Meta researchers built a custom chip to make photoreal avatars possible on standalone headsets.
Facebook first showed off work on ‘Codec Avatars’ back in March 2019. Powered by multiple neural networks, the avatars are generated using a specialized capture rig with 171 cameras. Once generated, they can be driven in real time by a prototype VR headset with five cameras; two internal viewing each eye and three external viewing the lower face. Since then the researchers have showed off several evolutions of the system, such as more realistic eyes, a version only requiring eye tracking and microphone input, and most recently a 2.0 version that approaches complete realism.
But driving photorealistic avatars on the mobile chipsets used in standalone headsets like Quest is no easy feat. While Meta’s newest & most efficient model can only render (decode) five avatars at 50 frames per second on a Quest 2, this doesn’t include the other side of the equation – converting (encoding) the eye tracking and face tracking inputs to a codec avatar face state.
In a paper published for the 2022 IEEE Custom Integrated Circuits Conference, Meta researchers present a prototype of a neural network accelerator chip “that achieves energy efficient performance for running eye gaze extraction of the Codec Avatar model”.

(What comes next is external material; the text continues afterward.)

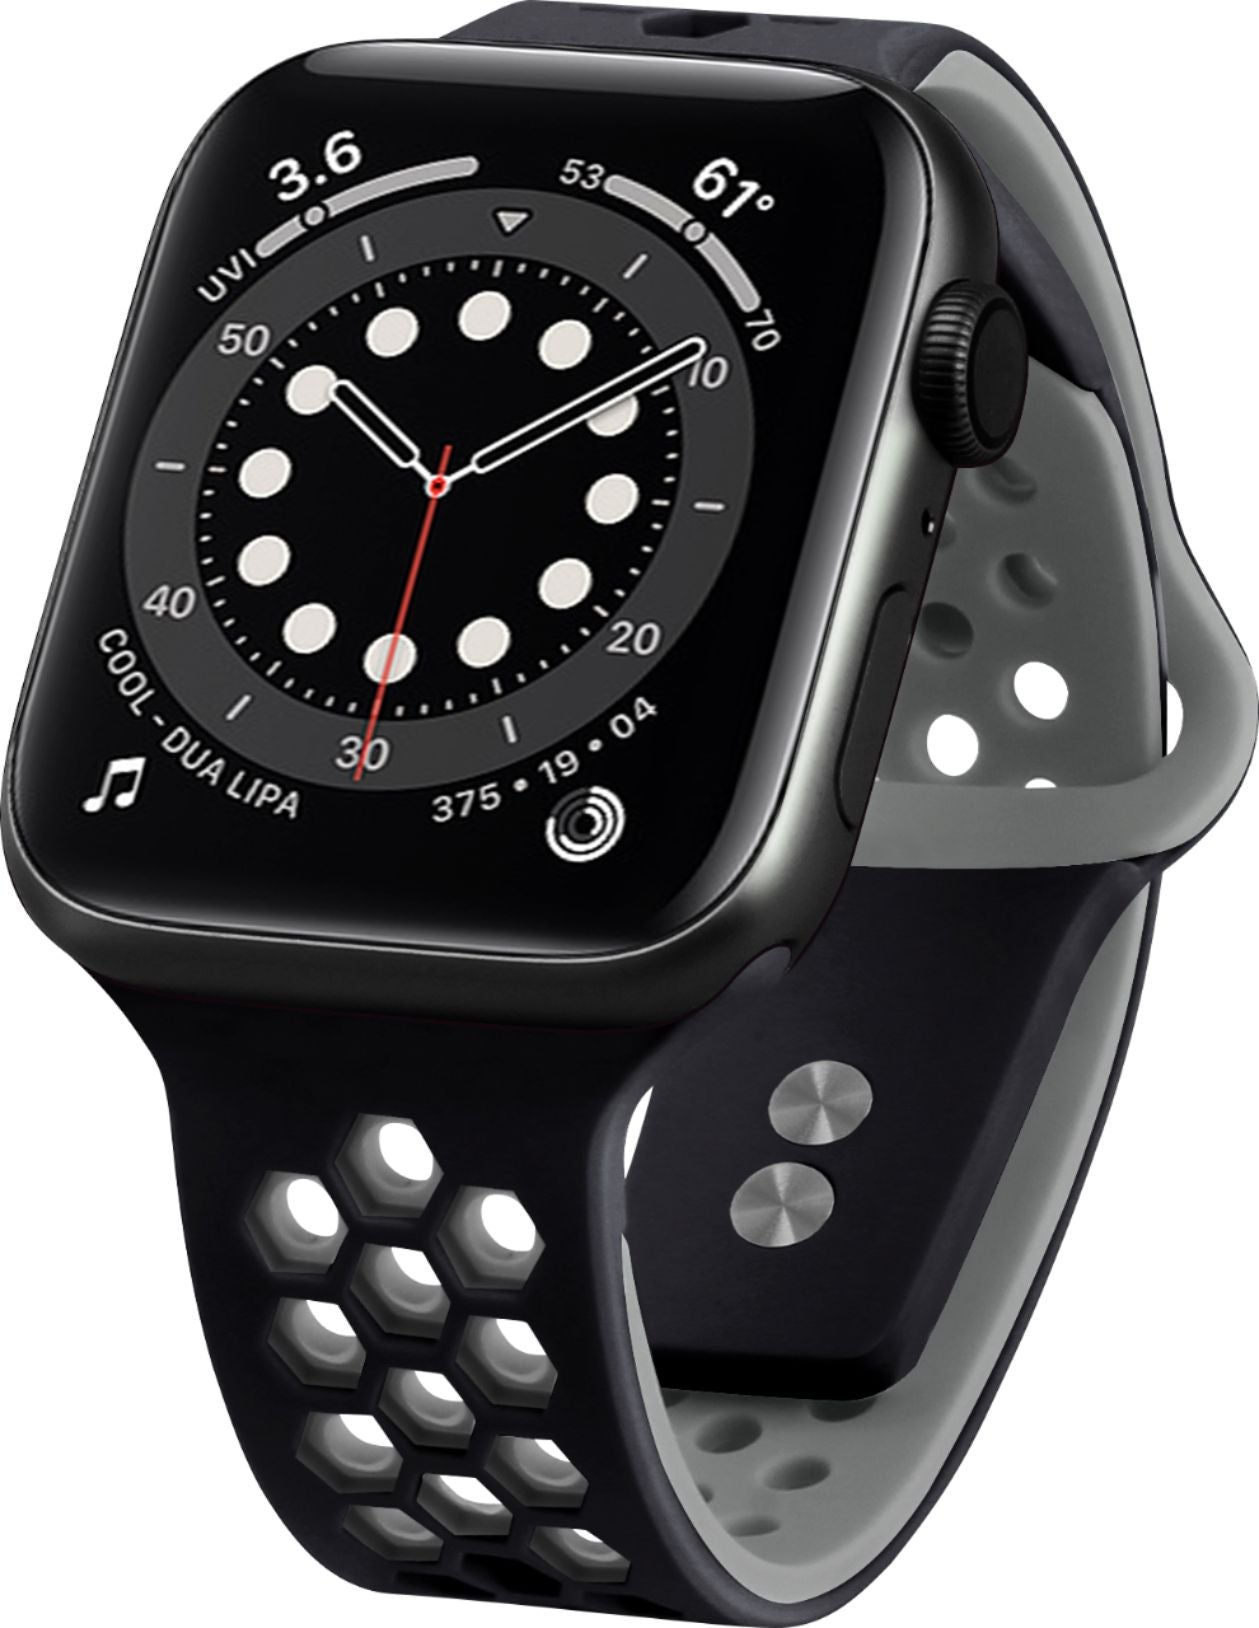 UAG Dot Silicone Watch Band for Apple Watch 38mm and  - Best Buy

Transferring data between components on mobile devices requires significant energy. The custom chip is located near the eye tracking camera inputs on the main board to minimize this, and handles converting these camera inputs into a Codec Avatar state. The researchers point out this could also have benefits for privacy and security, as the general purpose processors wouldn’t even have access to the raw camera data.

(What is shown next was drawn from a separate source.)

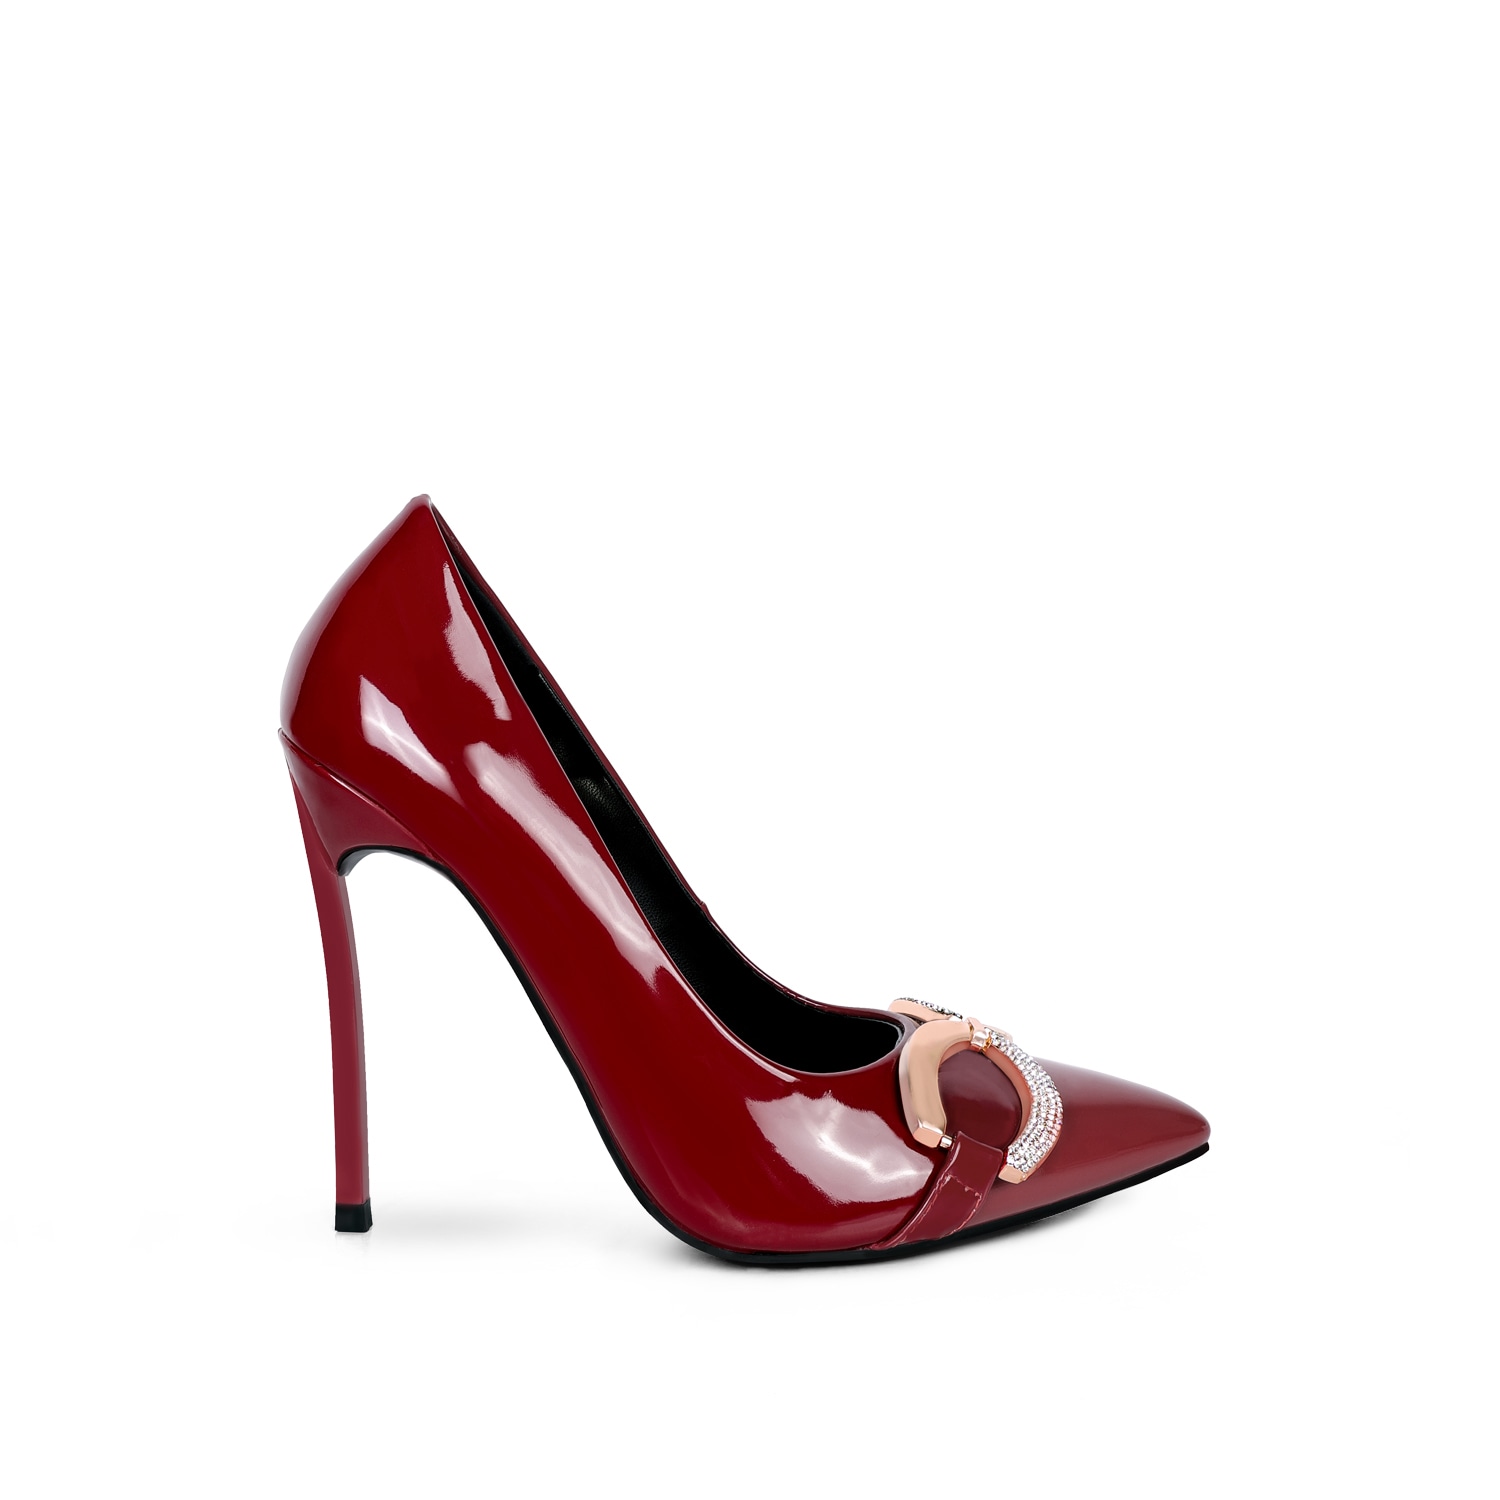 Women’s Red Cocktail Buckle Embellished Stiletto Pump Shoes In Burgundy 6 Uk Rag & Co.

To be clear, this chip is just an experiment. It only handles one small part of the Codec Avatars workload, it’s not a general solution for making the system viable on near-term standalone headsets. The regular chipset (eg. Snapdragon XR2) is still handling all other tasks.
What this demonstrates is the viability of using custom silicon to solve problems like avatars. The idea could theoretically in future be dramatically expanded to handle more VR-specific tasks.